我尝试使用以下功能进行下载。但下载的文件比原始文件大。
import os
import requests
from tqdm import tqdm
import threading
def download_chunk(url, save_folder, filename, start_byte, end_byte, progress_bar):
headers = {'Range': f'bytes={start_byte}-{end_byte}'}
response = requests.get(url, headers=headers, stream=True, allow_redirects=True)

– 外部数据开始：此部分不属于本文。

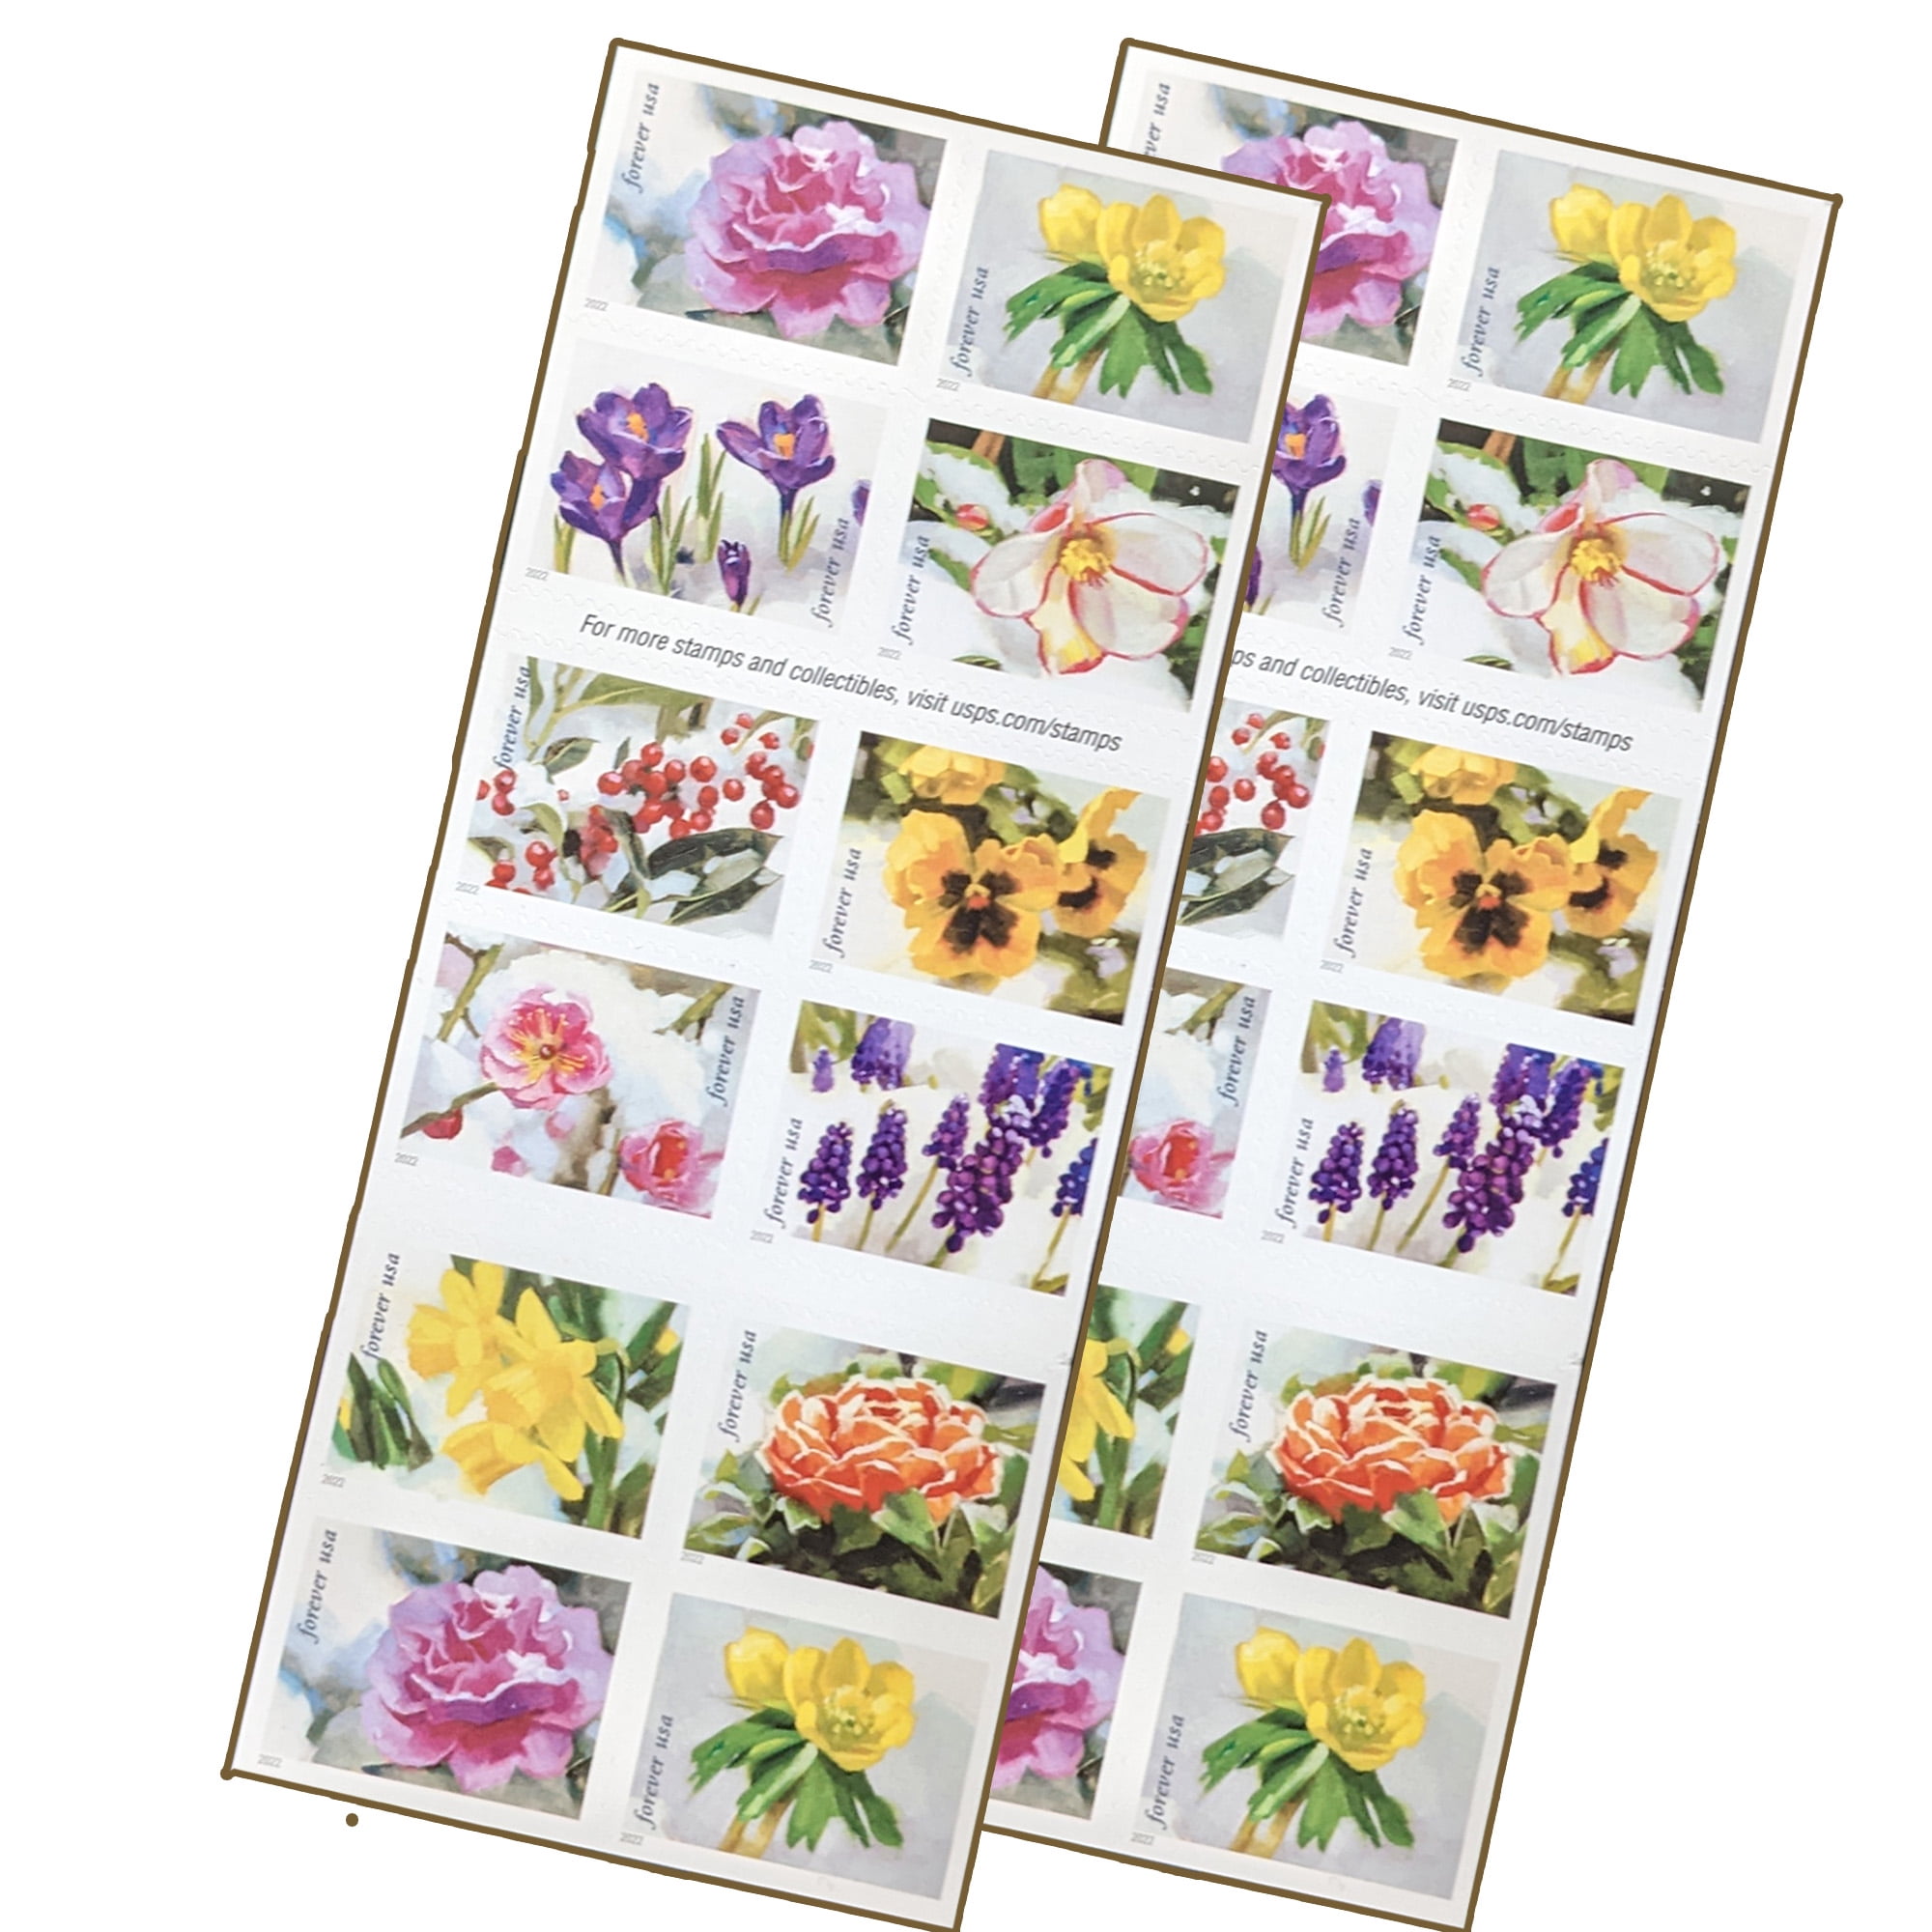 USPS Snowy Garden Beauty Forever Self-Adhesive Postage Stamps, Wedding,  Love, Celebration, Holiday, Winter, Flower (1 Booklet, 20 Stamps)

with open(os.path.join(save_folder, filename), 'ab') as file:
for data in response.iter_content(chunk_size=4096):
file.write(data)
progress_bar.update(len(data))
def download_with_progress(url, save_folder, filename, num_threads=4):
response = requests.head(url, allow_redirects=True)
file_size = int(response.headers.get('content-length', 0))

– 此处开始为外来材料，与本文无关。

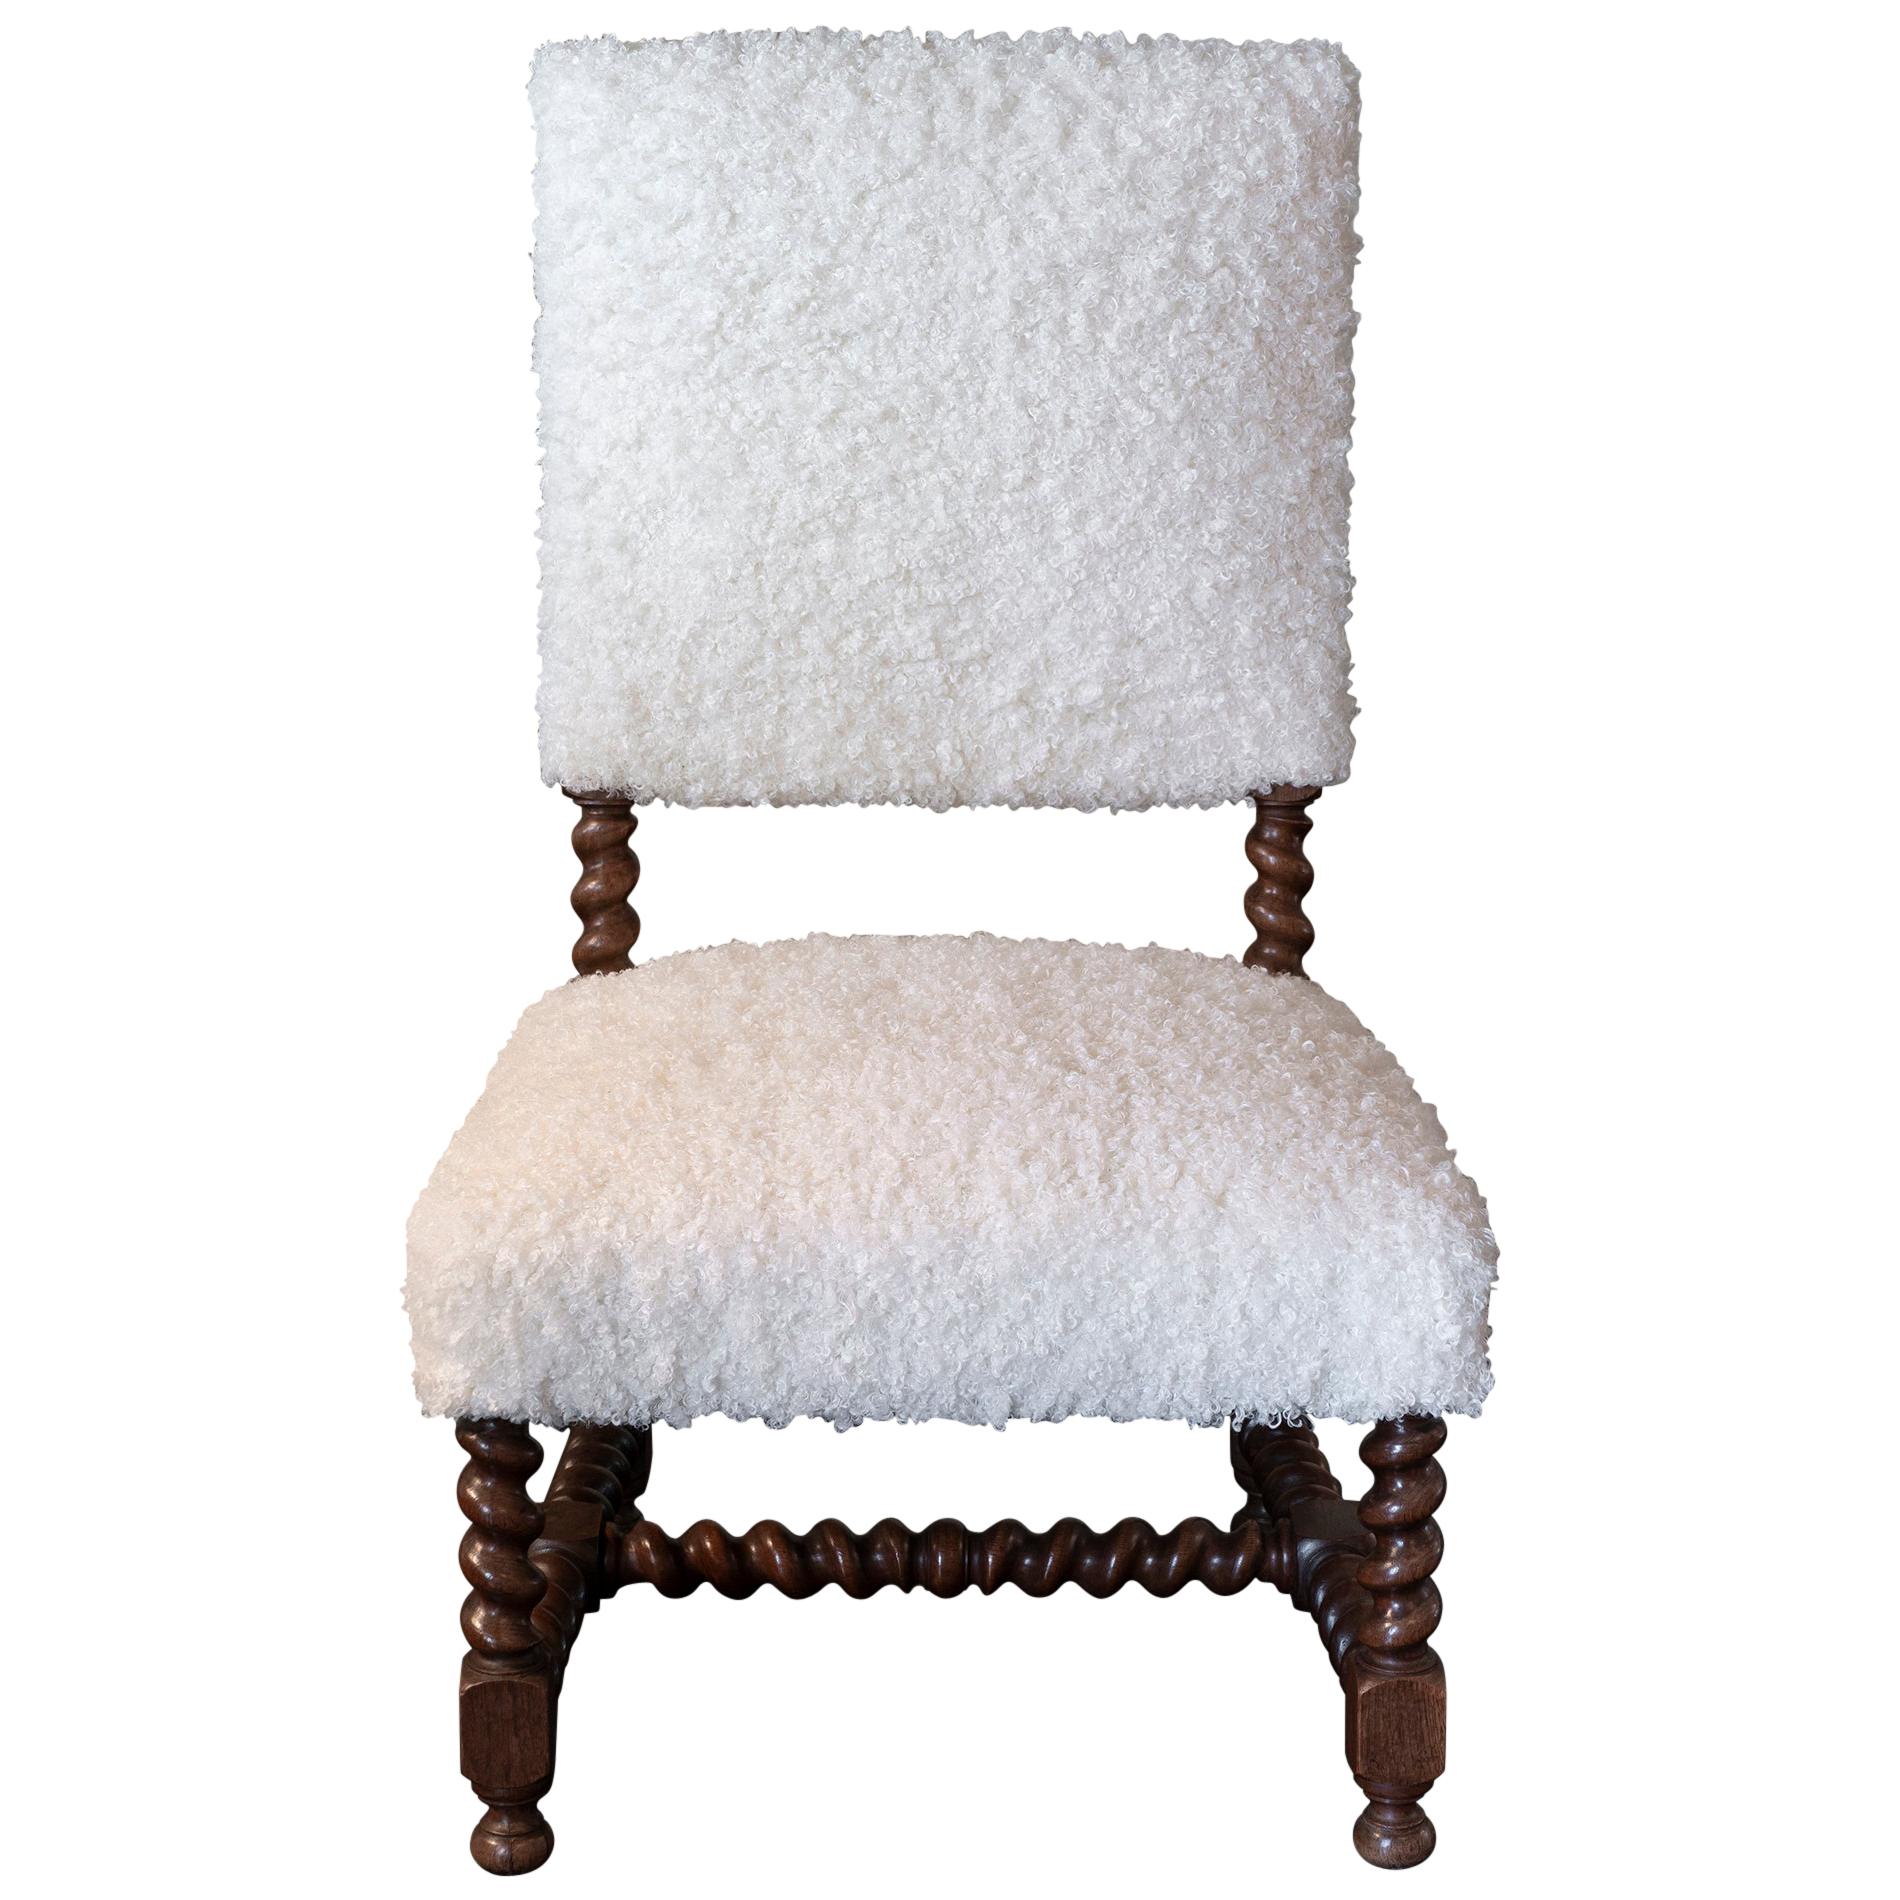 Early 20th Century Italian Chair Walnut and White Curly Wool Fabric

if response.status_code == 200:
block_size = file_size // num_threads
progress_bar = tqdm(total=file_size, unit='B', unit_scale=True)
with open(os.path.join(save_folder, filename), 'wb') as file:
file.truncate(file_size)
threads = []
for i in range(num_threads):
start_byte = i * block_size
end_byte = start_byte + block_size - 1 if i < num_threads - 1 else file_size - 1
print(f"Thread {i}: Downloading bytes {start_byte}-{end_byte}")

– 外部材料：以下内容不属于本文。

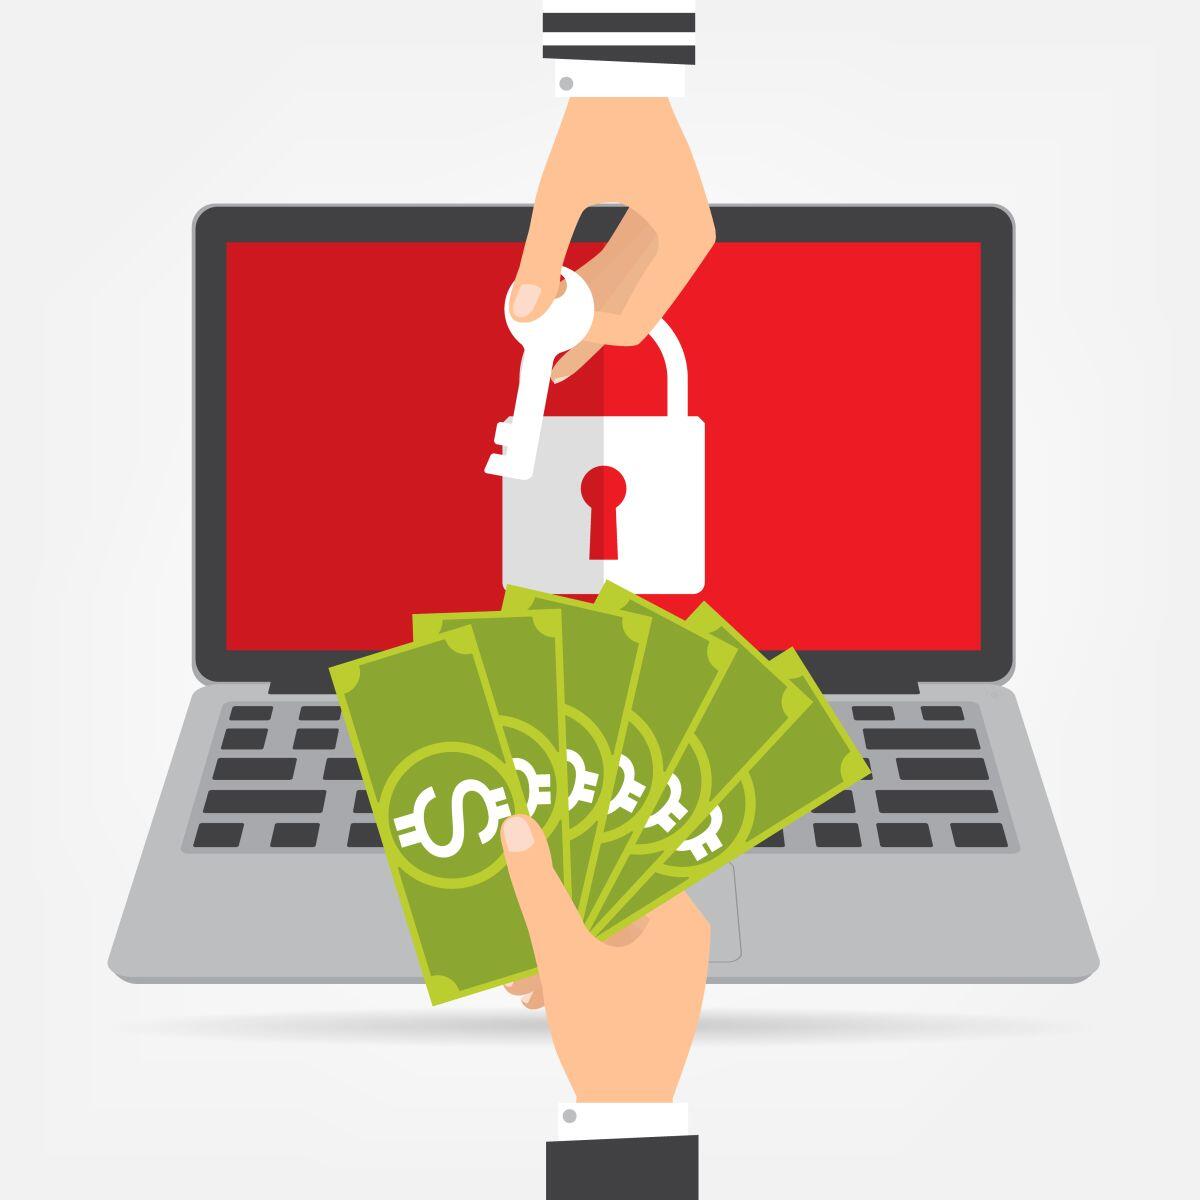 protect ransomware

thread = threading.Thread(target=download_chunk, args=(url, save_folder, filename, start_byte, end_byte, progress_bar))
threads.append(thread)
thread.start()
for thread in threads:
thread.join()
progress_bar.close()
print(f"Downloaded {filename}")
else:
print(f"Failed to download file. Status code: {response.status_code}")
# Example usage:
download_with_progress("https://example.com/download.mp4", "GoogleColab", "hellyrev.mp4", num_threads=20)
# Google colab is dir
我想快速下载文件,因为文件下载太慢。但是,下载的文件比原始文件大。请帮我解决这个问题。
我尝试使用多线程从 url 下载文件以提高整体 dl 速度。但是,下载的文件比原始文件大。
from pypdl import Downloader
url = "https://mysite.site/file.pdf"
dest = "/content/GoogleColab/lfab.mp4"
dl = Downloader()
dl.start(url, dest, num_connections=10, display=True, multithread=True)
它将按进度下载文件。 Pysmartdl 也不错,但它(pypdl)对我来说更方便。